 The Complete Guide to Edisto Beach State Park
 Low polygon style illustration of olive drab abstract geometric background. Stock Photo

==

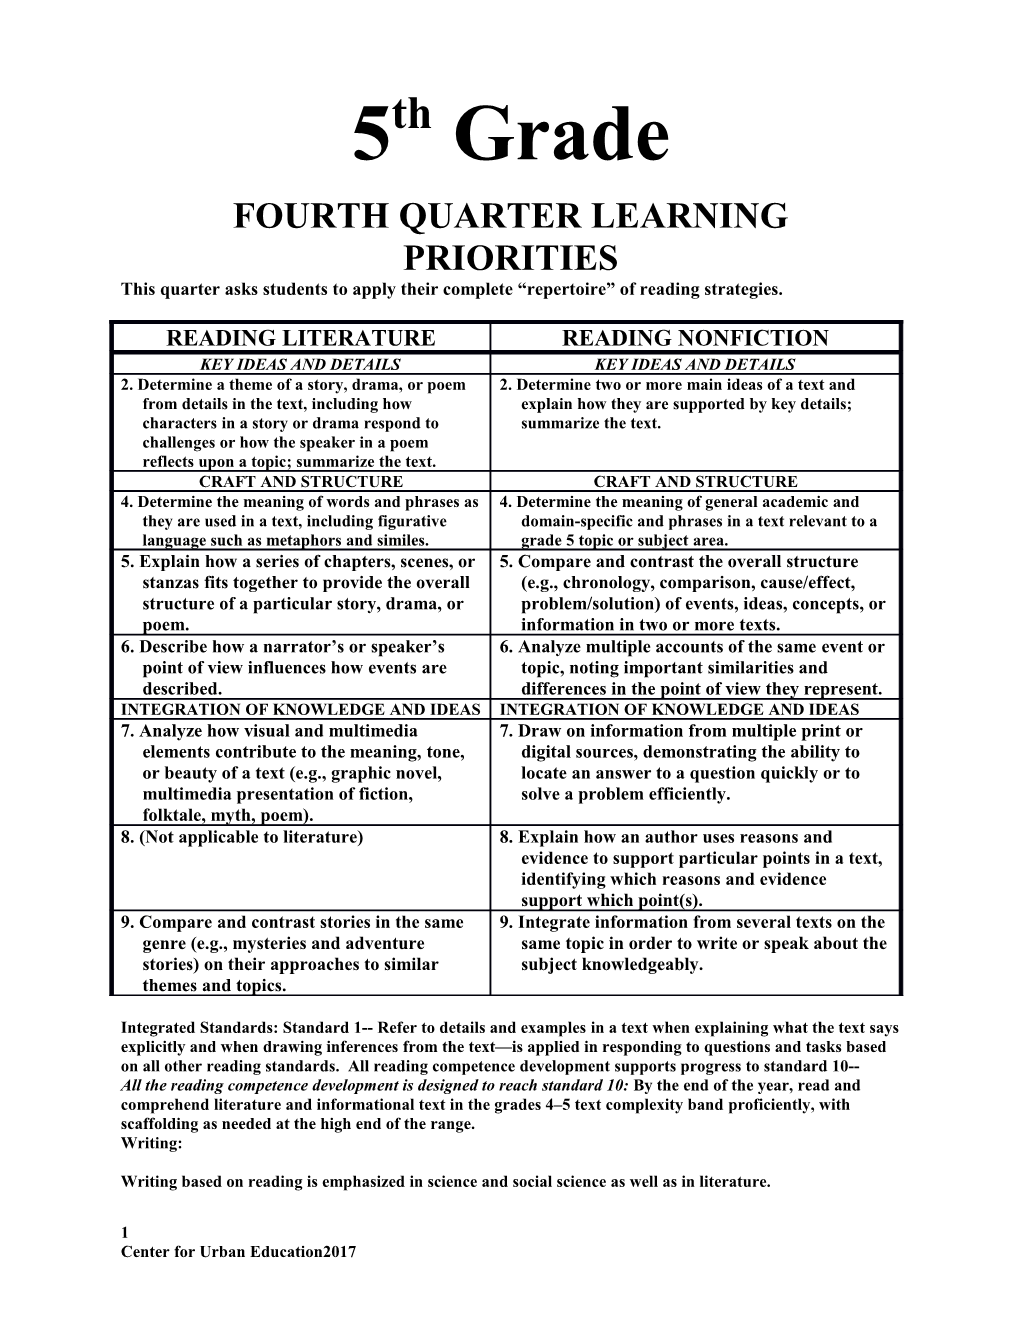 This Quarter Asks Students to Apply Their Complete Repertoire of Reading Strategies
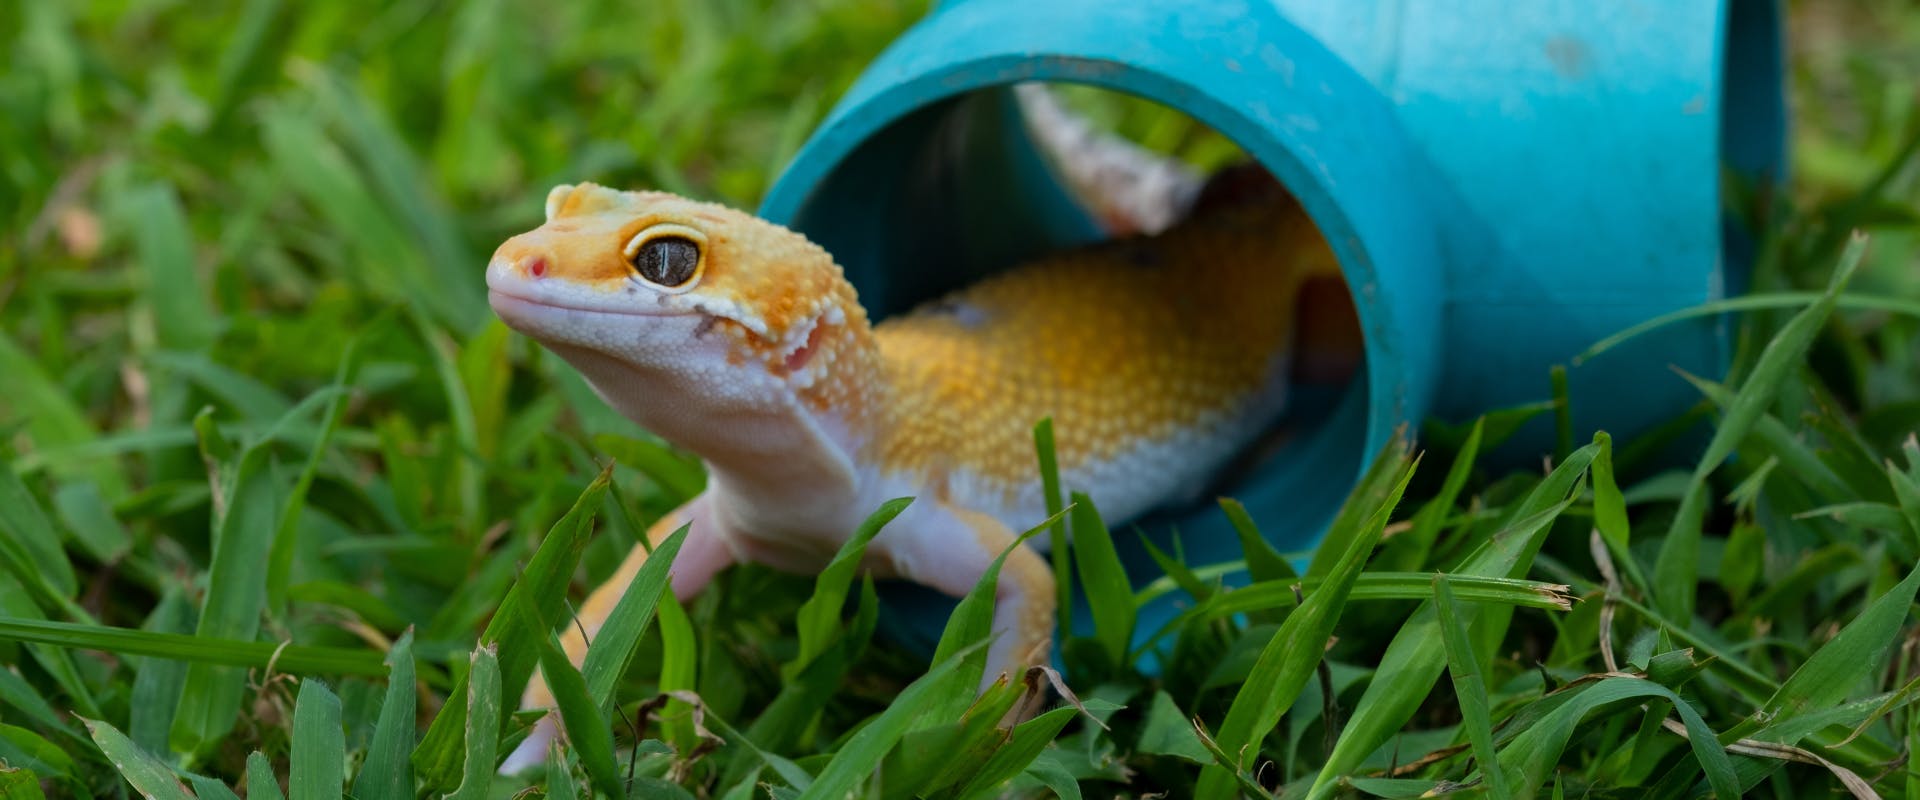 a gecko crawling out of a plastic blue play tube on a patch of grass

==

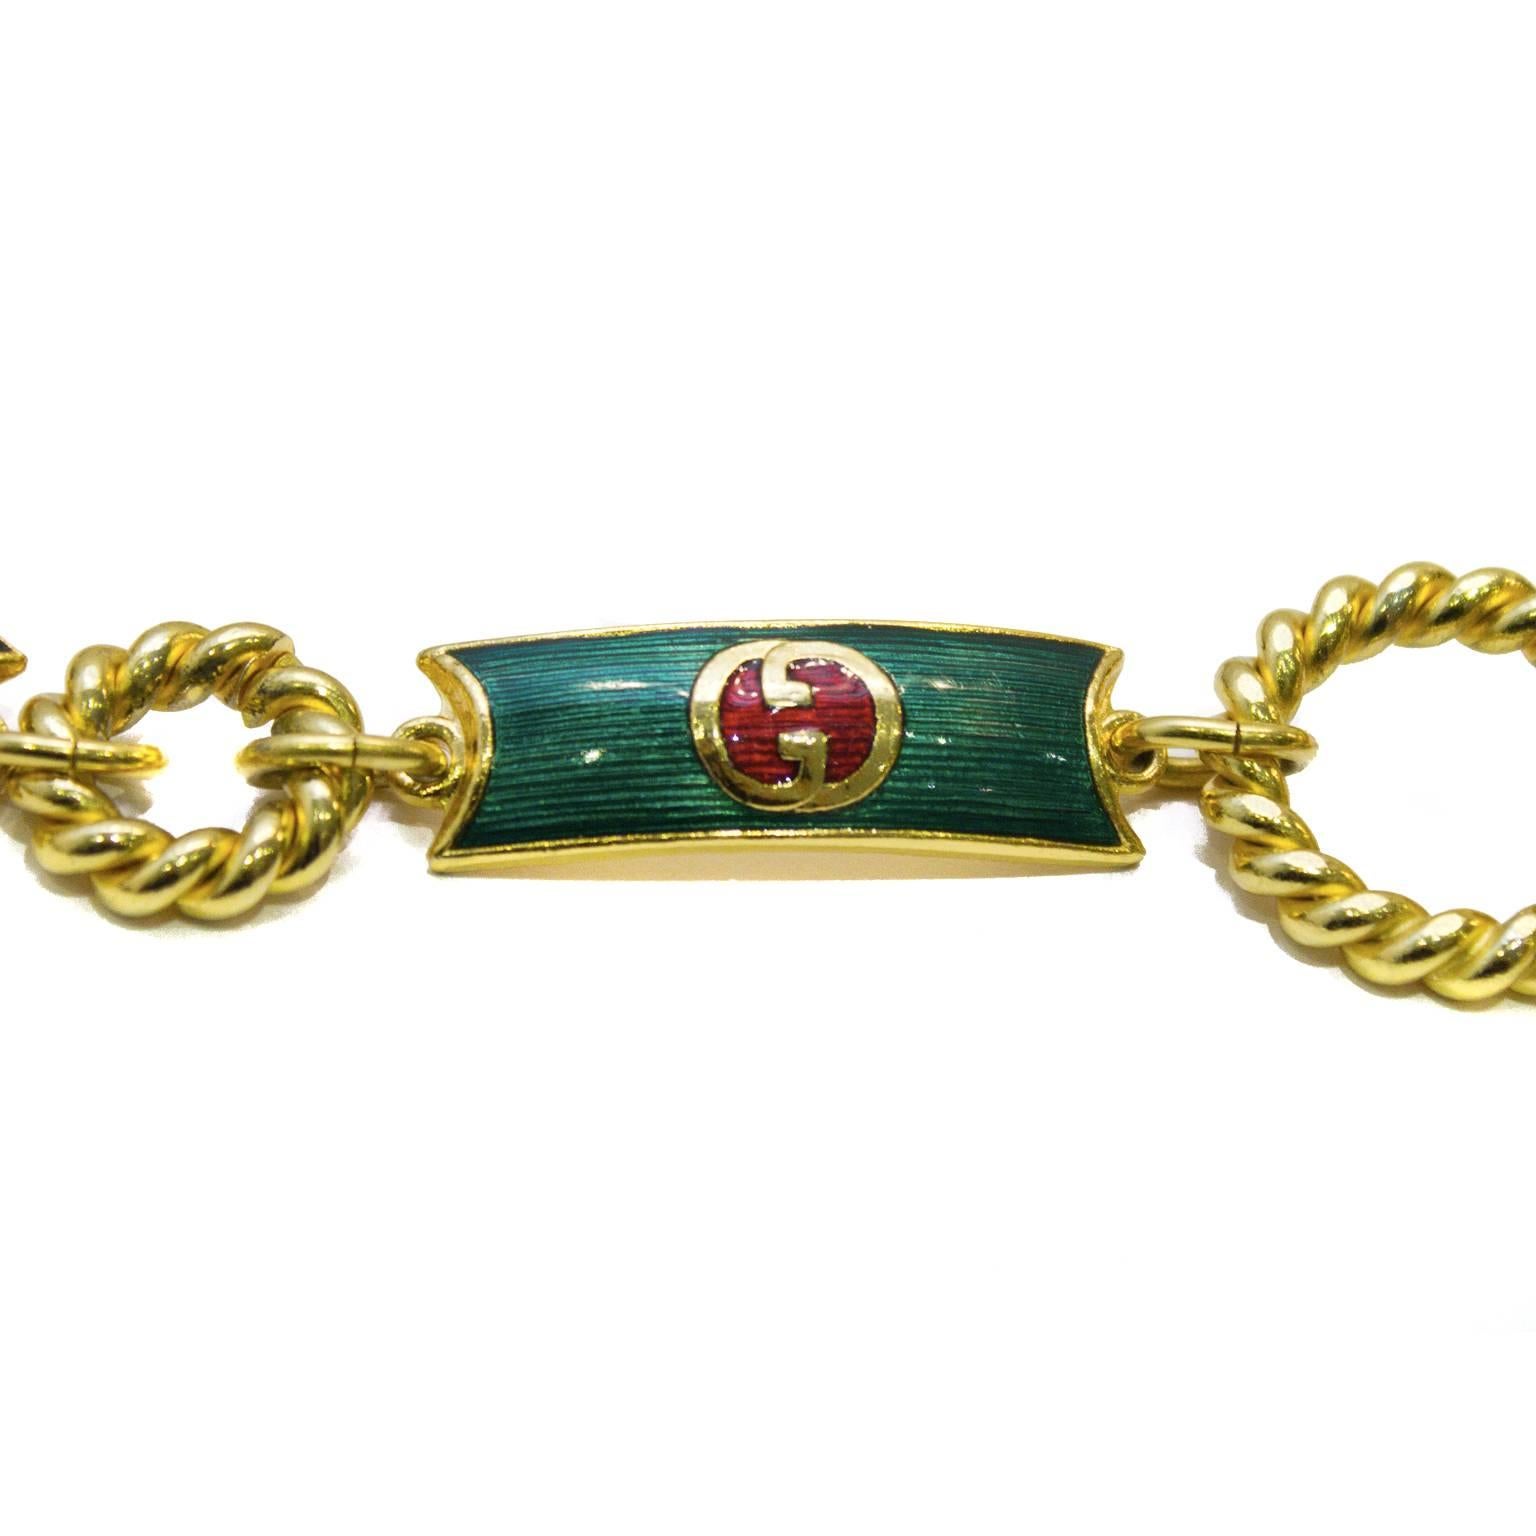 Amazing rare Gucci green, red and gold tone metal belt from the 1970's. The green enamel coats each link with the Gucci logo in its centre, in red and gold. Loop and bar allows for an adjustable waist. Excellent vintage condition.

AIM OF THE EXERCISE: Please copy the lines above from the line with "The Complete Guide" up to and including the line with "Low polygon style", exactly as written and with nothing else.

OUTPUT:
 The Complete Guide to Edisto Beach State Park
 Low polygon style illustration of olive drab abstract geometric background. Stock Photo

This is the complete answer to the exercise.